Smart contract design.
Execution has a price.
My bachelor's thesis studied whether the way an Ethereum program is designed-not only how each line is written-can make its transactions more expensive.
Optimization starts before the first line of code.
Running a smart contract costs gas, which users pay as a transaction fee. Most optimization work looks at individual coding mistakes, such as unnecessary storage operations or repeated calculations.
My thesis looked one level higher: the design of the whole contract. Two functions can be almost identical but live inside systems with different roles, withdrawal methods, and lifecycle rules. I studied whether those surrounding decisions were linked to different costs.
Which recurring smart-contract design solutions are statistically associated with high gas execution costs?
Compare code that is almost identical.
The dataset contained 4,965 pairs of similar functions from real Ethereum contracts. I focused on 43 pairs that were more than 95% alike but had different execution costs. Keeping the function code nearly constant made the surrounding design easier to compare.
Manual comparison of those pairs generated candidate patterns. The broader validation stage then operated on 1,010 unique functions and their associated contracts.

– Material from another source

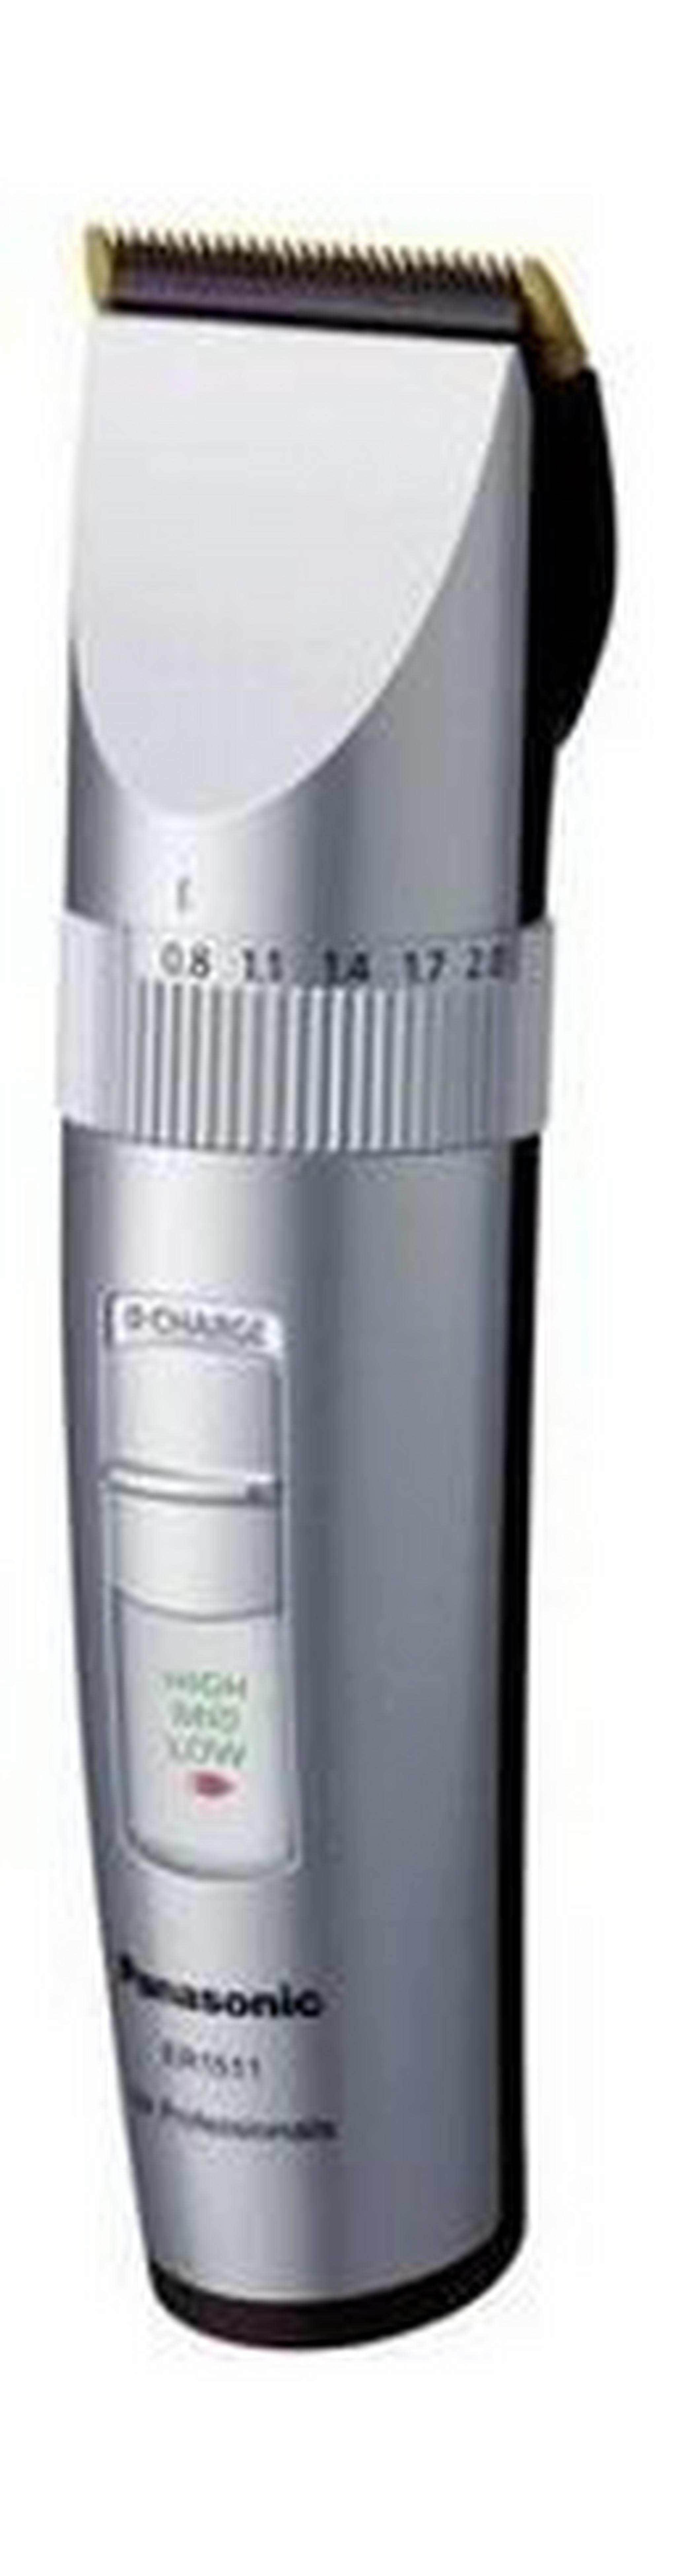 Panasonic Hair & Beard Trimmer, ER-1511 - Silver

Discover patterns manually, then test them at scale.
I grouped repeated differences into four areas: administrative roles, withdrawal methods, market lifecycle, and supporting functions. This produced 18 candidate design patterns.
I converted each pattern into a tested search rule and scanned the full dataset. Python prepared the comparisons, while Fisher's exact test in R measured whether each pattern had a meaningful association with higher cost.
Regex-based detectors across four design areas.
Automated scanning and contingency-table construction.
Association strength evaluated through p-values and odds ratios.
Six patterns showed a meaningful association.
Six of the 18 candidates were statistically associated with higher gas costs in this dataset. The measured odds ratios ranged from approximately 2.22 to 5.33.
A fund-redistribution pattern involving payable cross-contract interaction.
A full-balance withdrawal guarded by ownership checks.
Hard-coded role initialization and its storage implications.
Administrative state transitions around a restricted market phase.
The other 12 patterns had p-values above 0.05. The study therefore did not claim that every plausible design difference increases cost: absence of sufficient evidence was kept distinct from evidence of no effect.
Gas efficiency is also a design concern.
The findings suggest that developers should reason about gas consumption while defining roles, lifecycle transitions, fund movement, and contract boundaries-not only during low-level Solidity optimization.
A practical continuation would turn the validated patterns into design guidelines or analysis tooling that flags potentially expensive architectural choices before deployment.
An association is not a universal rule.
The dataset represents a specific family of real contracts, many centered on token farming, sales, and market behavior. This limits generalization to other application domains. Regex detectors can also miss semantically equivalent patterns expressed through different syntax.
Future work should use broader multi-chain datasets, semantic code representations, and machine-learning-based detectors. The reported odds ratios quantify association inside this dataset; they are not guarantees that adding one pattern will multiply every transaction's gas consumption by the same factor.